Ваше Высокопреосвященство, в своем докладе Вы сказали, что много лет общались с архимандритом Софронием (Сахаровым). С точки зрения того, что прозвучало в вашем докладе, как вы прокомментируете любовь и настойчивость архимандрита Софрония именно в употреблении термина «персона»?

— Для меня величайшим благословением Божиим, я так считаю, является то, что я действительно знал старца Софрония. Прежде чем ответить на ваш вопрос, я вам расскажу в двух словах, как я познакомился со старцем. Я думаю, это очень важно вам услышать.

Я тогда закончил богословский факультет Фессалоникийского университета и как студент занимался критическим изданием трудов святителя Григория Паламы. Я читал много текстов святителя Григория Паламы и убеждался все больше, что это истинное богословие Церкви. Параллельно с этим, я очень близко был знаком с текстами Григория Богослова. Я был глубоко впечатлен трудами святых отцов Церкви.

Однако, неоднократно посещая Святую Гору, я замечал, что не нахожу отцов, живущих так, как излагается в текстах вышеприведенных авторов. И я как бы заключал внутри себя, что есть разница между тем, что я читаю в текстах, и тем, что я вижу на Святой Горе. Это был мой первый большой вопрос. Потом я стал дьяконом, клириком, и стал все больше заниматься пастырским служением Церкви. Мое второе недоразумение возникало, когда я видел, как порой не находят между собой общения клирики, епископы, священники, они общаются друг с другом не так, как это описывается в святоотеческих текстах.

Святые отцы так прекрасно пишут, так замечательно излагают мысли, которых я не нахожу ни в жизни Церкви, ни в реалиях Святой Горы. Безусловно, я познакомился со многими замечательными отцами, аскетами на Святой Горе. Но они не были знакомы с богословием так, как мы изучали его в университете. Я узнал многих священников в своей жизни, я понимал, что они совершают свое пастырское служение без богословия. Это было для меня таким церковным богословским шоком. Я думал и в замешательстве размышлял, где я найду человека, который бы в себе соединял церковный нрав, чтобы он был богословски образован, чтобы он был клирик и настоящий богослов.

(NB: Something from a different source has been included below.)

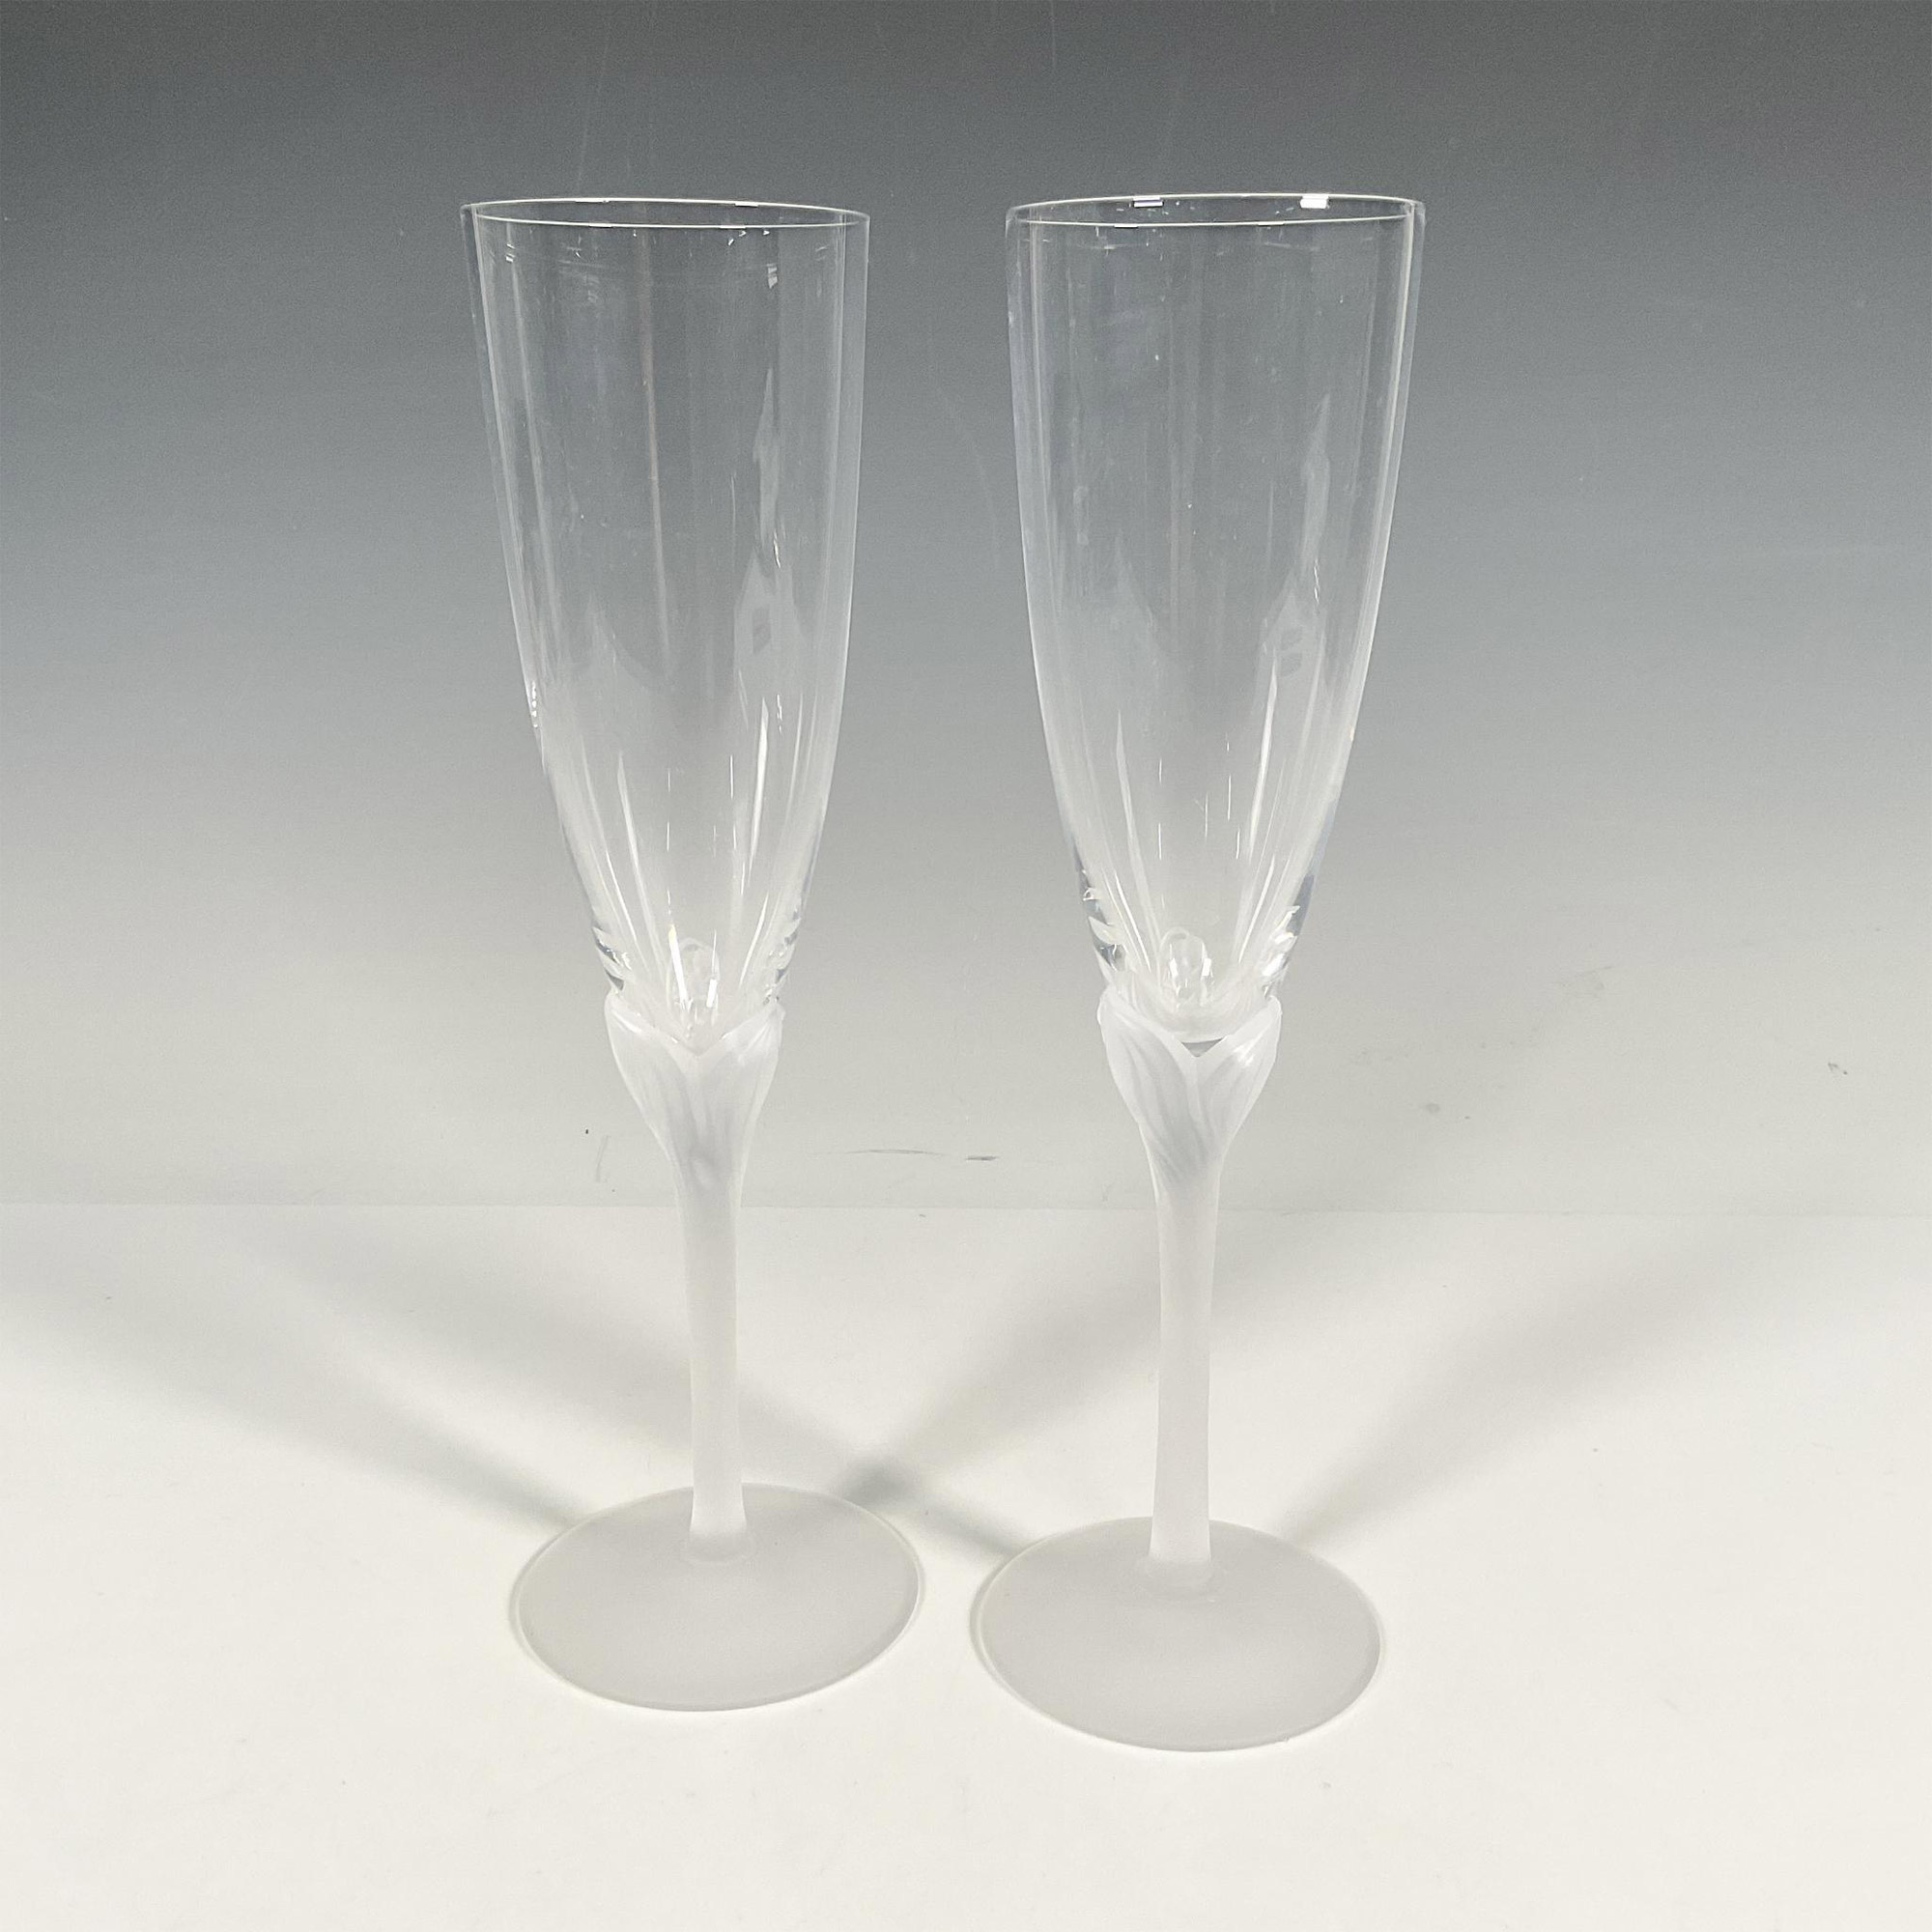 Pair of Crystal Amaryllis Champagne Glasses - Image 2 of 3

В 1974 году я прочитал книгу архимандрита Софрония, написанную им о старце Силуане. Я был глубоко впечатлен, потому что нашел человека, личность, в которой соединяются все эти элементы, все эти стихии — он богослов, он исихаст и трудится в миру. И тогда я, долго не откладывая, отправился в Лондон, чтобы с ним повстречаться. У меня было очень большое желание его увидеть, но я и боялся этой встречи. Я думал, как же я повидаюсь со святым человеком, который сразу же в моем сердце различит множество страстей. И когда я его увидел, я отметил, что у него действительно глубоко проникновенный взгляд, но вместе с тем, это был нежный взгляд.

Когда я ему сказал: «Старче, в сердце моем очень много страстей, гневных страстей», он посмотрел на меня, улыбнулся и сказал: «Это нормально, это все нормально». Я говорю: «Почему же это нормально, старче?» — «Потому что для того, чтобы познать, что в твоем сердце много страстей, нужно, чтобы свет Божий посетил тебя и просветил, и ты осознал, что ты страстный человек. По примеру того, как в темную комнату попадает луч света, и мы видим все в этой комнате, даже пыль летающую, подобное тому происходит и в сердце, когда оно просвещается светом Христовым».

В первый год я остался и прожил возле старца Софрония примерно полтора месяца. И потом, в течение 15 лет, каждое лето я находил время, не меньше месяца, чтобы приезжать к отцу Софронию, и мы с ним подолгу и о многих вещах разговаривали. Правда в том, что он действительно очень сильно и настойчиво пребывал в понимании термина «лицо». Каждый раз, когда мы с ним беседовали, он возвращался к вопросу о лице. Возможно, это было как бы его духовное «заключение», результат его долгих скитаний и исканий, связанное с тем, что он долго имел отношения с буддизмом: из-за этого он долго считал, что Бог является чем-то безличностным, и посредством размышления и практики медитации пытался найти Бога и различить Его.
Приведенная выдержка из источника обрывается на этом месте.